I always see him when I'm wearing my ripped pants. I think its because of the hole in the crotch. My vag sends out supersonic "I'm horny" waves to him. Otherwise the calls are muffled.
Every time I type "should" my phone autocorrects to "shouldn't". even my phone knows my ideas are terrible.
"Students using Axe body spray to light selves on fire" is a real headline from a real newspaper. WHY AREN'T WE DOING THIS RIGHT NOW?
I turn the corner to find her walking in the front door in a tee-shirt, two different shoes and no pants. All she said to me was "I'm sad"
You "were" hungover, which is past tense. So that gives you no excuse not to go out tonight.
You do realize that we got a stripper to do the YMCA for us on the main stage... Right?
I was in a house full of lesbians and they were all staring at me. I felt like the last cresent roll on Thanksgiving.
You're a disgrace to the female race and the love triangle and halloween.
I truly just stopped puking in my 730 am calculus class, looked up, corrected my professor, then resumed puking my eyes out.
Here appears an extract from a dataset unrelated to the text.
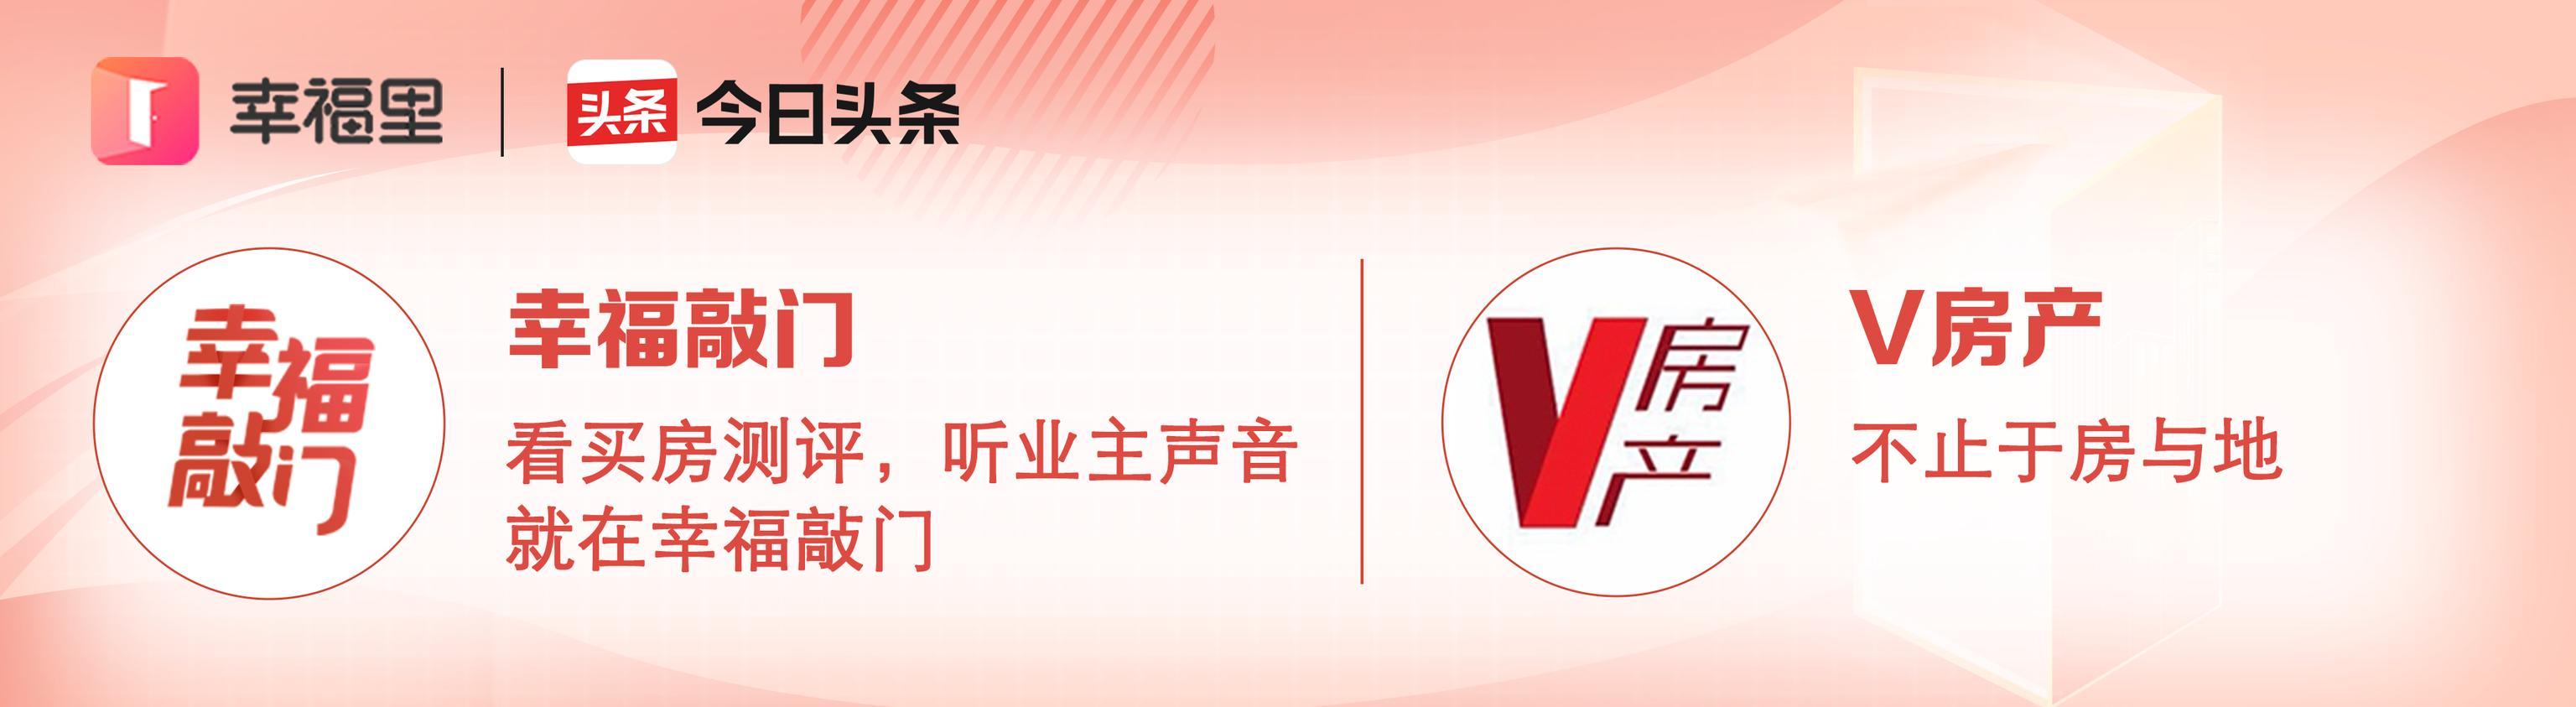 南京连夜出台楼市新政:30%以上房源支持刚需、遏制假离婚
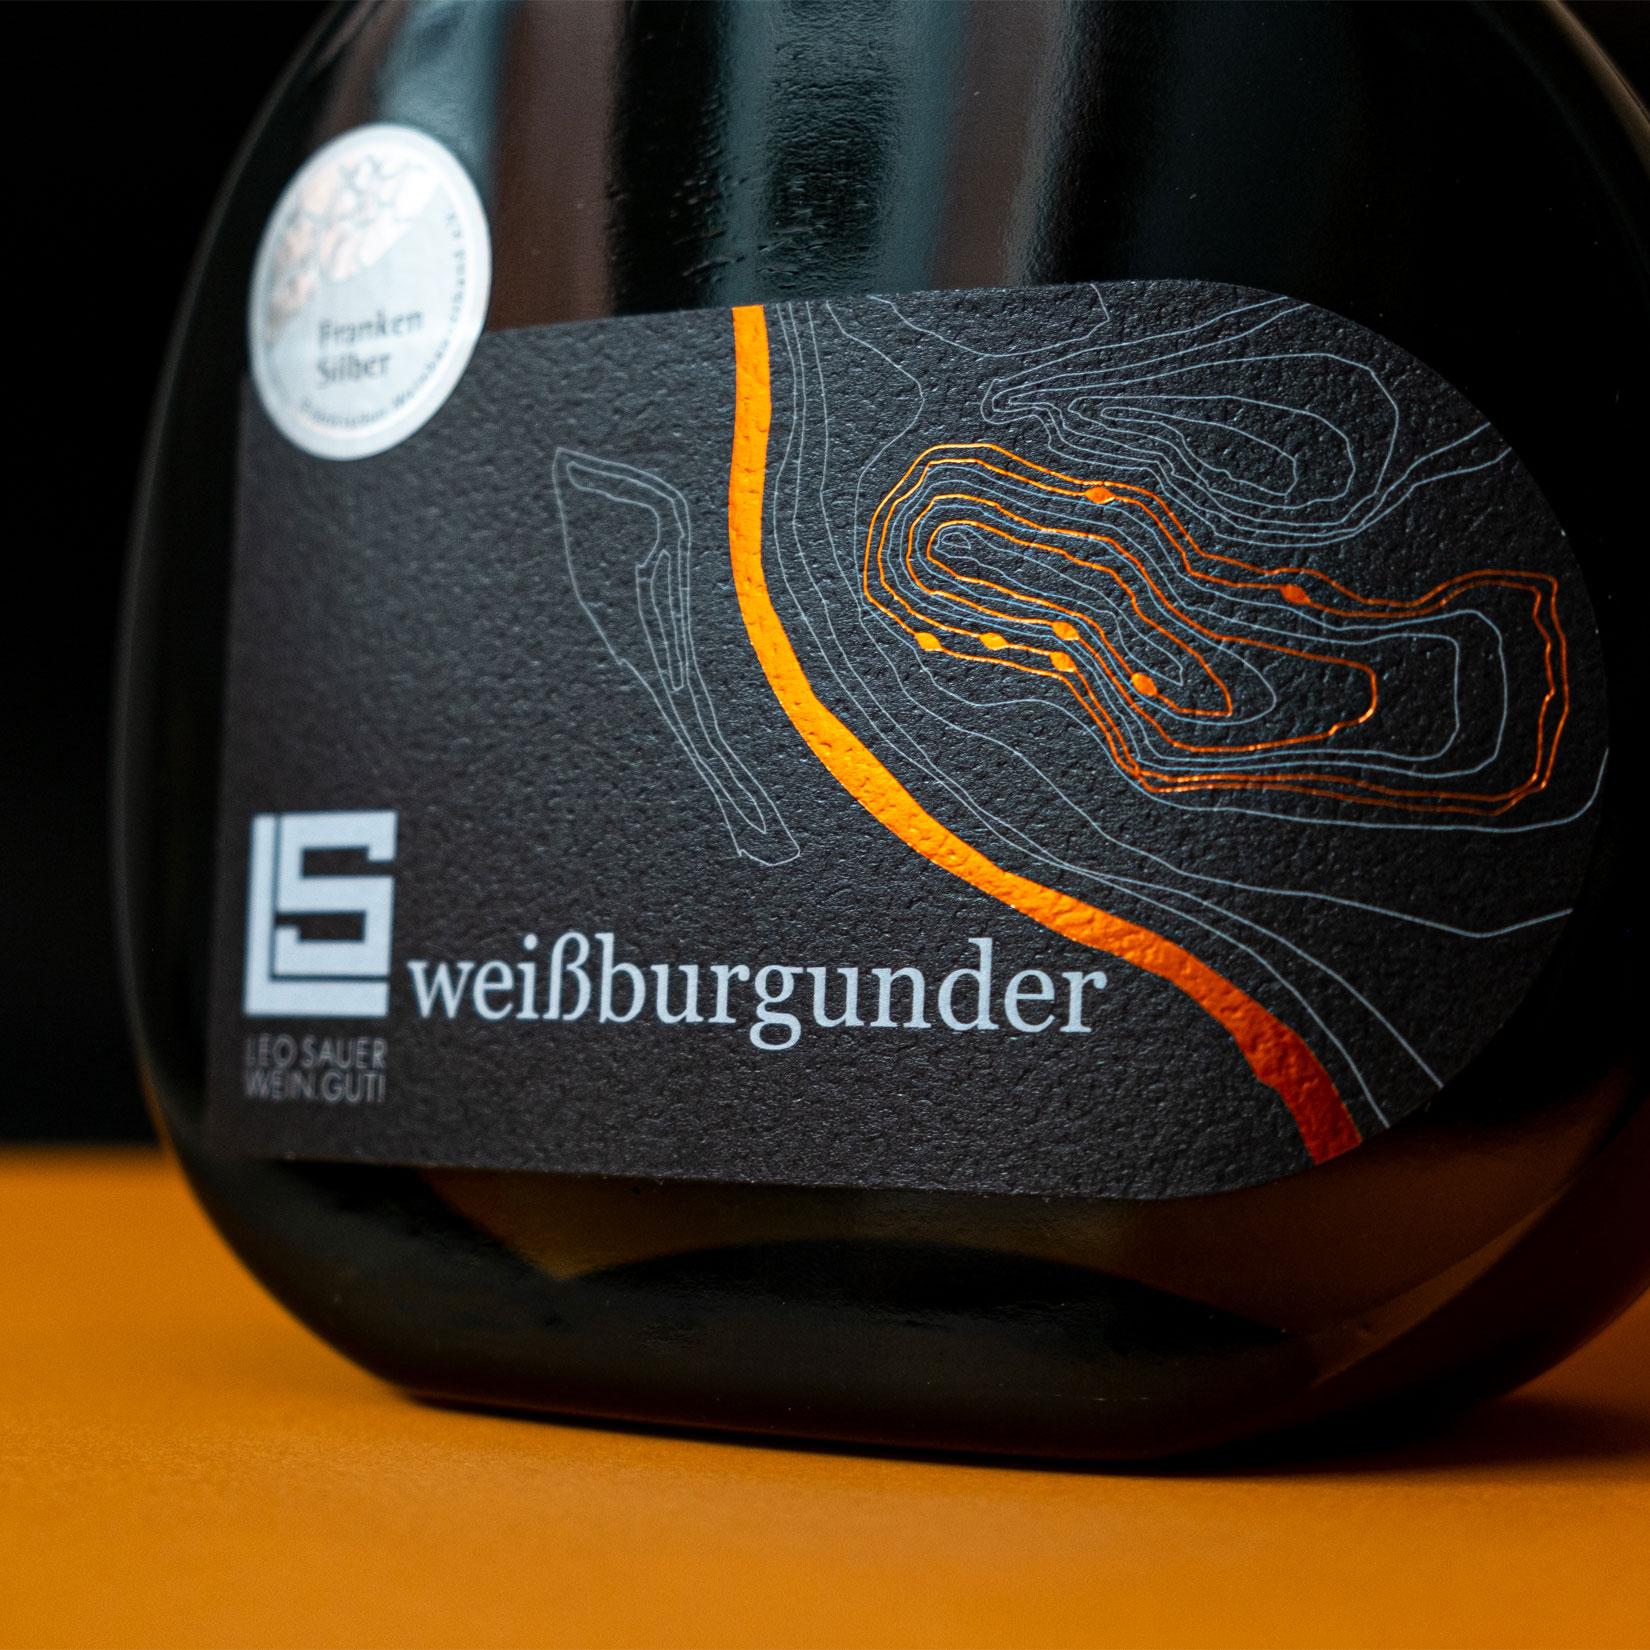 Weingut Flaschen Etiketten

He was both impressed and disgusted.
It might be whiskey, but I view Marge and Homer Simpson as something to strive for
I left my panties in the microwave for too long and they caught on fire
You don't know how small your school is until you know everyone in the ER on a Friday night.
After the first time we had sex he kept saying "I'm proud of you" over and over again
And then the night went full on bisexual.
We both know we're cheating on one another. But our side pieces aren't as kinky as us...so yeah, we're still together. This is a fucked up relationship.